BO: I see that all the time. I was reading an article in our newspaper once about a church that was doing a Vacation Bible School. They interviewed the pastor, and he said it was such a great outreach because it gets new people into the church.

It makes my heart sad when I hear that, because children’s programs do help get people into the church, but when you say something like that it becomes obvious that you’re looking at an end goal instead of just reaching out to kids for the kids’ sake. Seeing the kids grow. I don’t think it’s good to just consider kids’ programs in light of how to get the parents involved.

VCP: Because then you can do the hand-me-down thing and the lousy volunteer thing, because as long as it seems like the kids are having a decent time, then the parents will be happy.

BO: Right. The problem is that maybe then you’re just focusing on the things that the parents see. But there’s a lot behind the scenes that the kids actually need that people just watching the parents’ reactions would never realize.
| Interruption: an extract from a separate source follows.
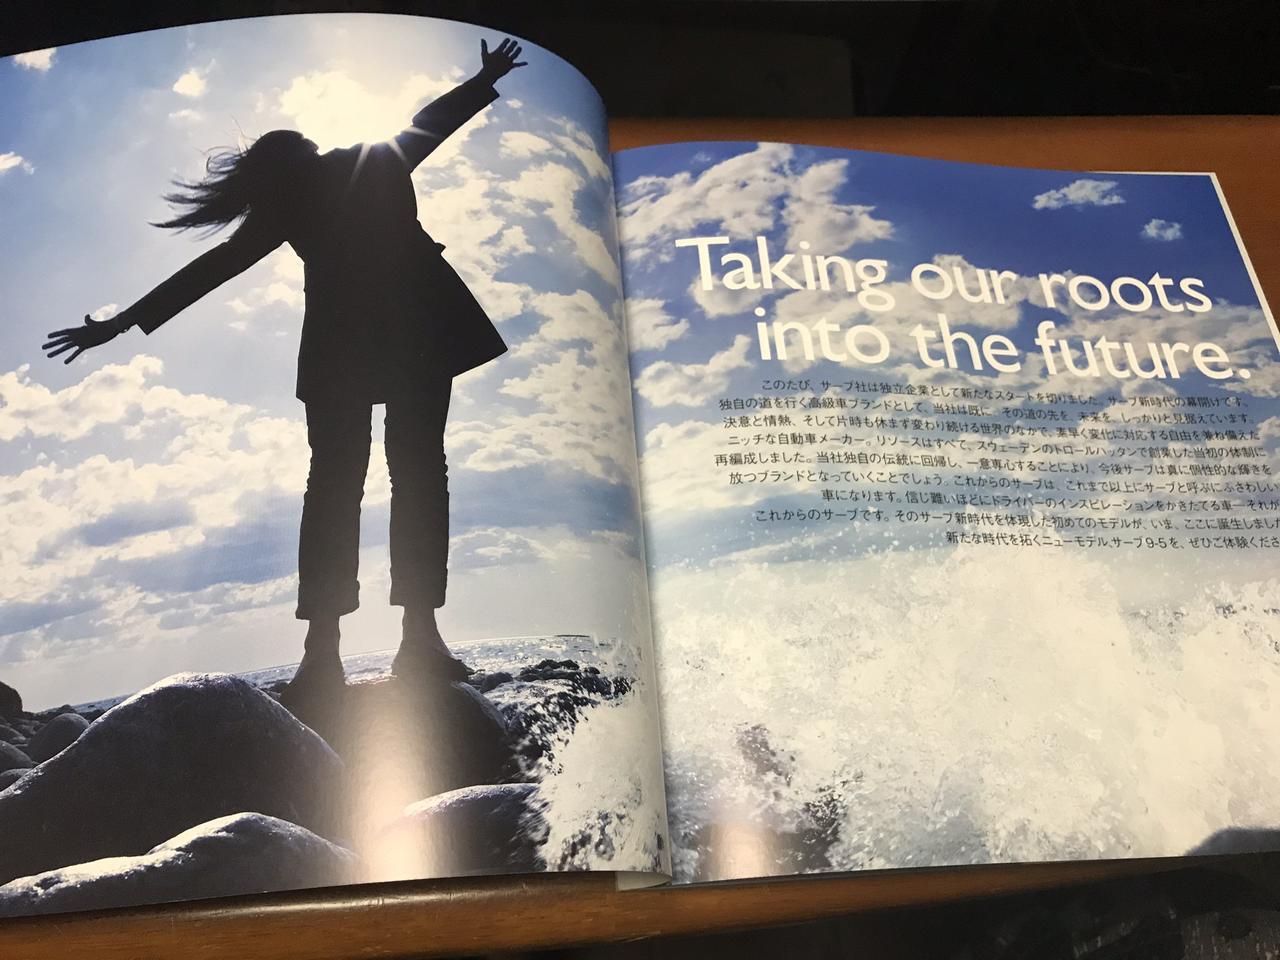 画像2: Taking our roots into the future

I’m happy if both kids and parents can win, but that’s not my end game. I want to see kids valued just because God values them for who they are.

VCP: That’s a really important point. It’s a paradigm shift to change your thinking from, “Here are some tips to make kids’ ministry better,” to something really crucial: “These kids matter just because they’re children.”

BO: I think if a pastor just ministers to kids and didn’t do anything with adults or parents, it would still be a great church and God would be pleased.

Becky Olmstead is the Women and Kids pastor at the Vineyard Church of the Rockies. She and her husband Rick are members of the Vineyard Executive Team and are passionate advocates for Kids and Teens in the church. We talked to her about her passion for kids’ ministry.